On 5/16/13 8:08 AM, Owen Stephens wrote:
> You are correct in the direction of the relationship, but the thing I was really getting at was the additional layer. SCoRO actually does something more like:
> PersonB -> hasRole -> Role1
> Role1 -> isAuthorOf -> BookA
> Which is not dissimilar to what Tom was proposing I think?

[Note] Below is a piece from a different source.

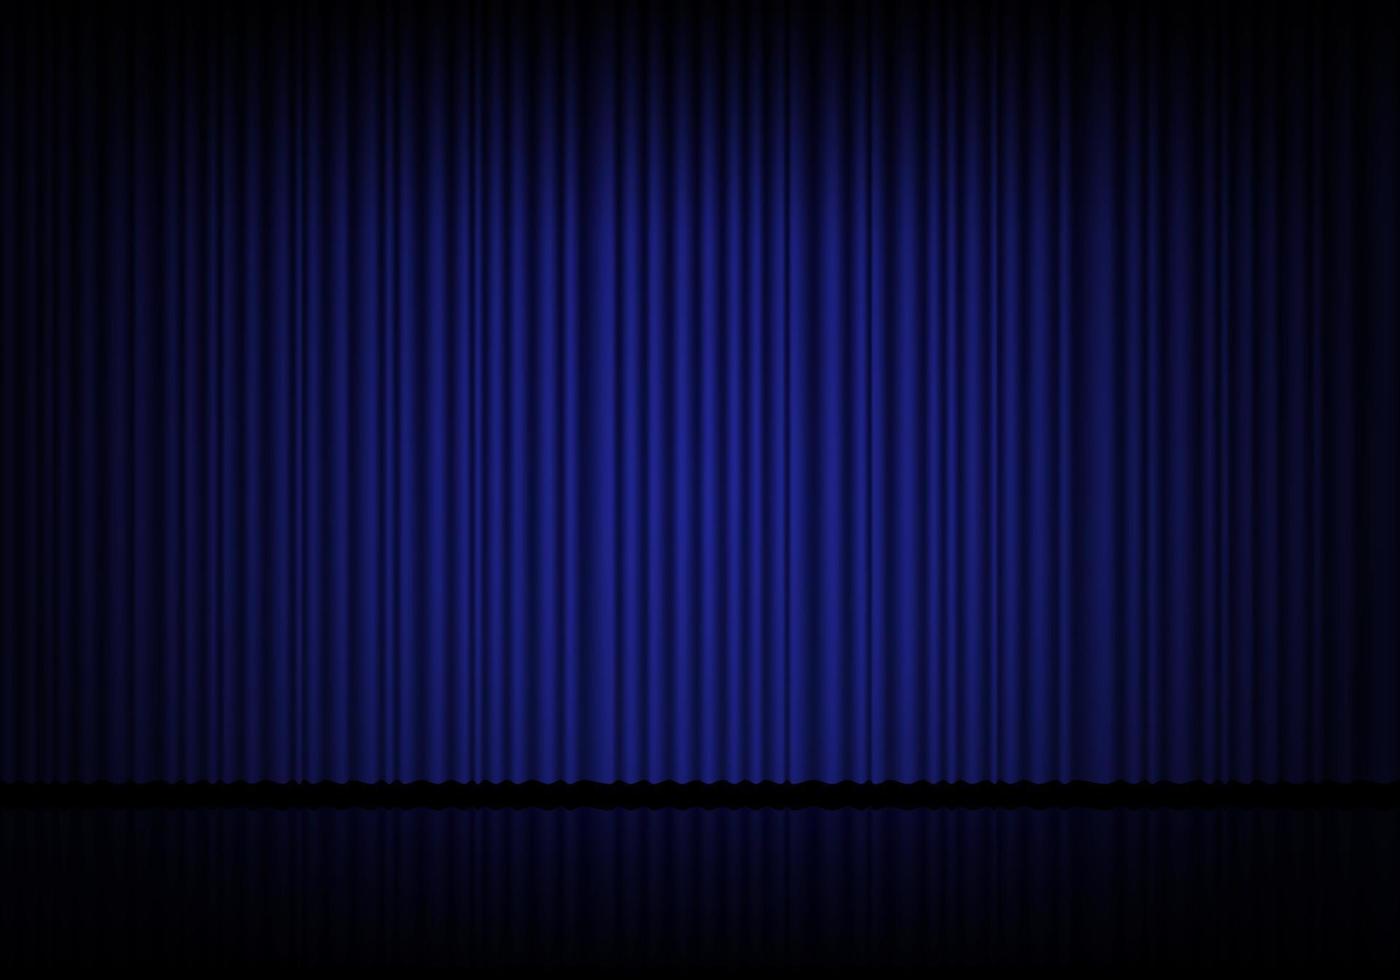 blå ridå opera, bio eller teater skede draperier. strålkastare på stängd sammet gardiner bakgrund. vektor illustration

Actually, I don't think that's quite it. What is "Role1" in this case? 
It can't be "editor" or some URI for editor, because then you'd be saying:

"John hasRole editor"
"editor is author of BookA"

Unless "editor" is some unique ID, you haven't connected these together. 
If it is a unique id, then it doesn't make sense as a role. It's more 
like "has specific relationship to" or something like that. Looking at 
what SCoRO does shows how far you have to go to make a clear connection. 
First, in their turtle (which is deceptively concise):

:Shottona foaf:Person ; foaf:name "David Shotton" ;
    scoro:hasORCID "0000-0001-5506-523X" ;

    pro:holdsRoleInTime [ a pro:RoleInTime ;
       pro:withRole scoro:author , scoro:senior-author ;
       scoro:relatesToPublication:Adventures] ;

This says that:
- Shotton is a person
- Shotton has name "David Shotton"
- Shotton has ORCID ...
- ShottonholdsRoleInTime Role1
- Role1 is a RoleInTime
-Role1withRole scoro:author
-Role1  withRole scoro:senior-author
- Role1 relatesToPublication (URI)Adventures

Each role/publication relationship gets its own identifier in this 
scenario. However, this doesn't give you a role in the bibliographic 
entity. In fact, you have a gap there to be filled:

BibEntity1 -> ? -> Shotton

There's no relationship here, because the role, which is the 
relationship, is a property of the person, not the bibliographic entity. 
Let's say that you do what SCoRO does, and use "dc:creator" as a generic 
relationship between the bibliographic entity and the person.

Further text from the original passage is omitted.